Question 3.10: Determine the molar volume of n-butane at 510 K and 25 bar b...
Determine the molar volume of n-butane at 510 K and 25 bar based on each of the following:
(a) The ideal-gas state.
(b) The generalized compressibility-factor correlation.
(c) Equation (3.57), with the generalized correlation for \widehat{B} .
Z = 1 + \frac{BP}{RT}= 1 + \left(\frac{BP_{c} }{RT_{C} } \right) \frac{P_{r} }{T_{r} }= 1 + \widehat{B} \frac{P_{r} }{T_{r} } (3.57)
(d) Equation (3.63), with the generalized correlations for \widehat{B} and \widehat{C} .
Z = 1 + \widehat{B}\frac{P_{r} }{T_{r}Z } + \widehat{C} (\frac{P_{r} }{T_{r}Z })^{2} (3.63)
(a) For the ideal-gas state,
V = \frac{RT}{P} = \frac{ ( 83.14 ) ( 510 )}{25} = 1696.1 cm^{3}· mo^{-1}
(b) With values of T_{c} and P_{c} given in Table B.1 of App. B,
T_{r} = \frac{510}{425.1} = 1200 P_{r} = \frac{25}{37.96}= 0.659
Interpolation in Tables D.1 and D.2 then provides:
Z^{0} = 0.865 Z^{1} = 0.038
By Eq. (3.53) with ω = 0.200,
Z = Z^{0} + ω Z^{1} = 0.865 + ( 0.200 ) ( 0.038 ) = 0.873
V = \frac{ZRT}{P} = \frac{ ( 0.873 ) ( 83.14 ) ( 510 )}{25} = 1480.7 cm^{3}· mol^{−1}
If Z^{1}, the secondary term, is neglected, Z = Z^{0} = 0.865. This two-parameter corresponding- states correlation yields V = 1467.1 cm^{3}· mol^{−1} , which is less than 1% lower than the value given by the three-parameter correlation.
(c) Values of B^{0} and B^{1} are given by Eqs. (3.61) and (3.62):
B^{0}= 0.083 − \frac{0.422}{T^{1.6}_{r} } (3.61)
B^{1} = 0.139 – \frac{0.1722}{T^{4.2}_{r}} (3.62)
B^{0}= −0.232 B^{1} = 0.059Equations (3.59) and (3.57) then yield:
\widehat{B} = B^{0}+ ω B^{1}= −0.232 + ( 0.200 ) ( 0.059 ) = −0.220
Z = 1+ ( −0.220 )\frac{0.659}{1.200}= 0.879
from which V = 1489.1 cm^{3}· mol^{−1} , a value less than 1% higher than that given by the full Lee/Kesler compressibility-factor correlation.

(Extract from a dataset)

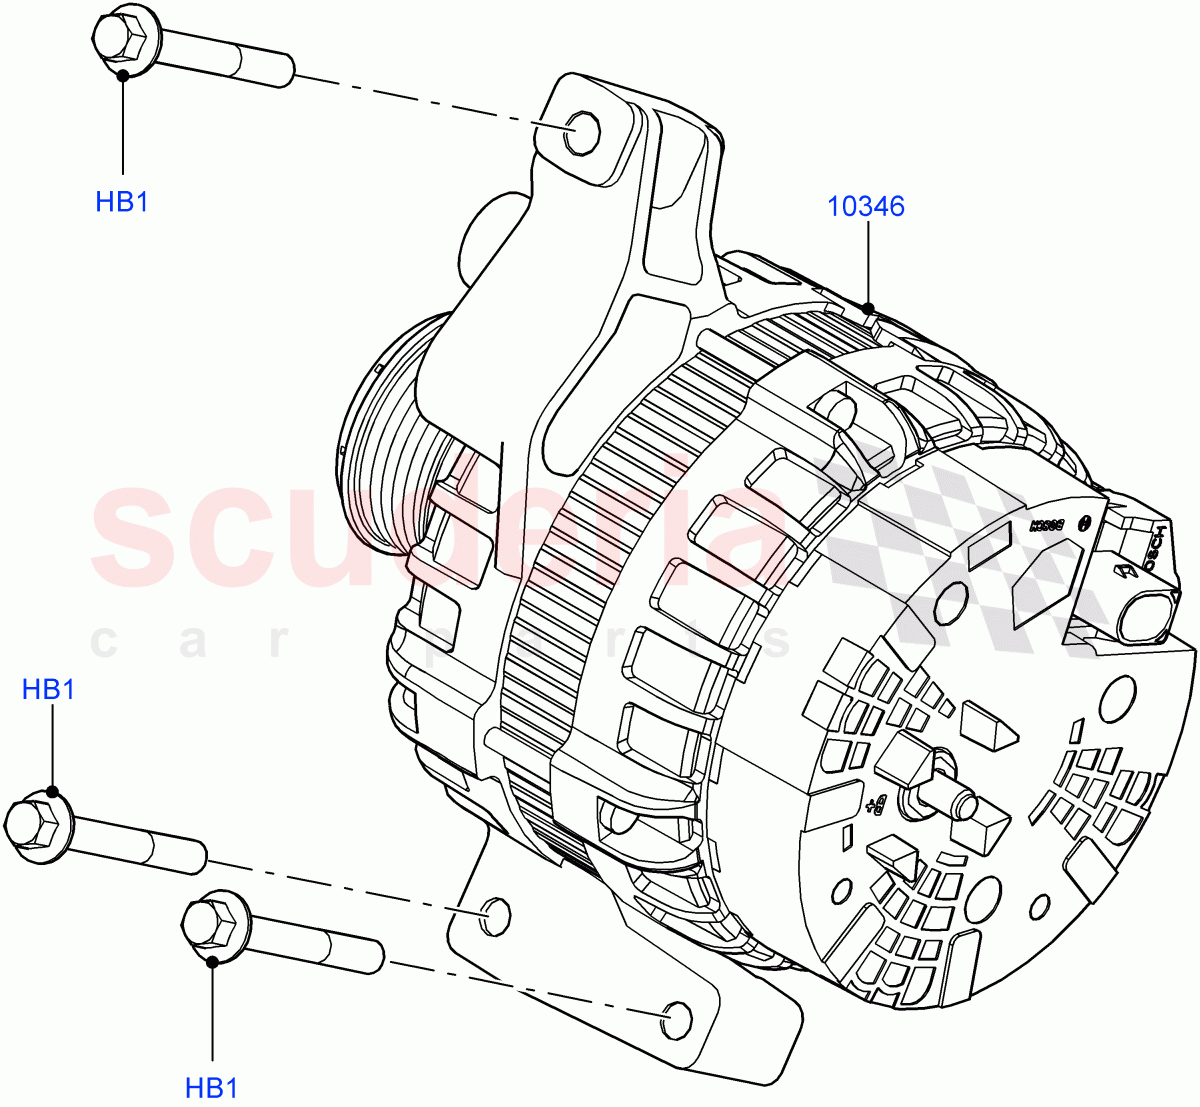 Alternator And Mountings(2.0L 16V TIVCT T/C 240PS Petrol,Changsu (China),2.0L 16V TIVCT T/C Gen2 Petrol)((V)FROMFG000001) of Land Rover Land Rover Discovery Sport (2015+) [2.0 Turbo Petrol GTDI]

(d) Values of C^{0} and C^{1} are given by Eqs. (3.66) and (3.67):
C^{0} = 0.01407 + \frac{ 0.02432}{T_{r}} – \frac{0.00313}{T^{10.5}_{r} } (3.66)
C^{1} = −0.02676 + \frac{ 0.05539}{T^{2.7}_{r}} – \frac{0.00242}{T^{10.5}_{r}} (3.67)
C^{0}= 0.0339 C^{1} = 0.0067Equation (3.65) then yields:
\widehat{C} =C^{0} + ωC^{1} = 0.0339 + ( 0.200 ) ( 0.0067 ) = 0.0352With this value of \widehat{C} and the value of \widehat{B} from part (c), Eq. (3.63) becomes,
Z = 1 + ( −0.220 )\left(\frac{0.659}{1.200Z} \right)+( 0.0352 ) \left(\frac{0.659}{1.200 Z} \right)^{2}
Solution for Z yields Z = 0.876 and V = 1485.8 cm^{3}· mol^{−1} . The value of V differs from that of part (c) by about 0.2%. An experimental value for V is 1480.7 cm^3·mol^–1. Significantly, the results of parts (b), (c), and (d) are in excellent agreement. Mutual agreement at these conditions is suggested by Fig. 3.13.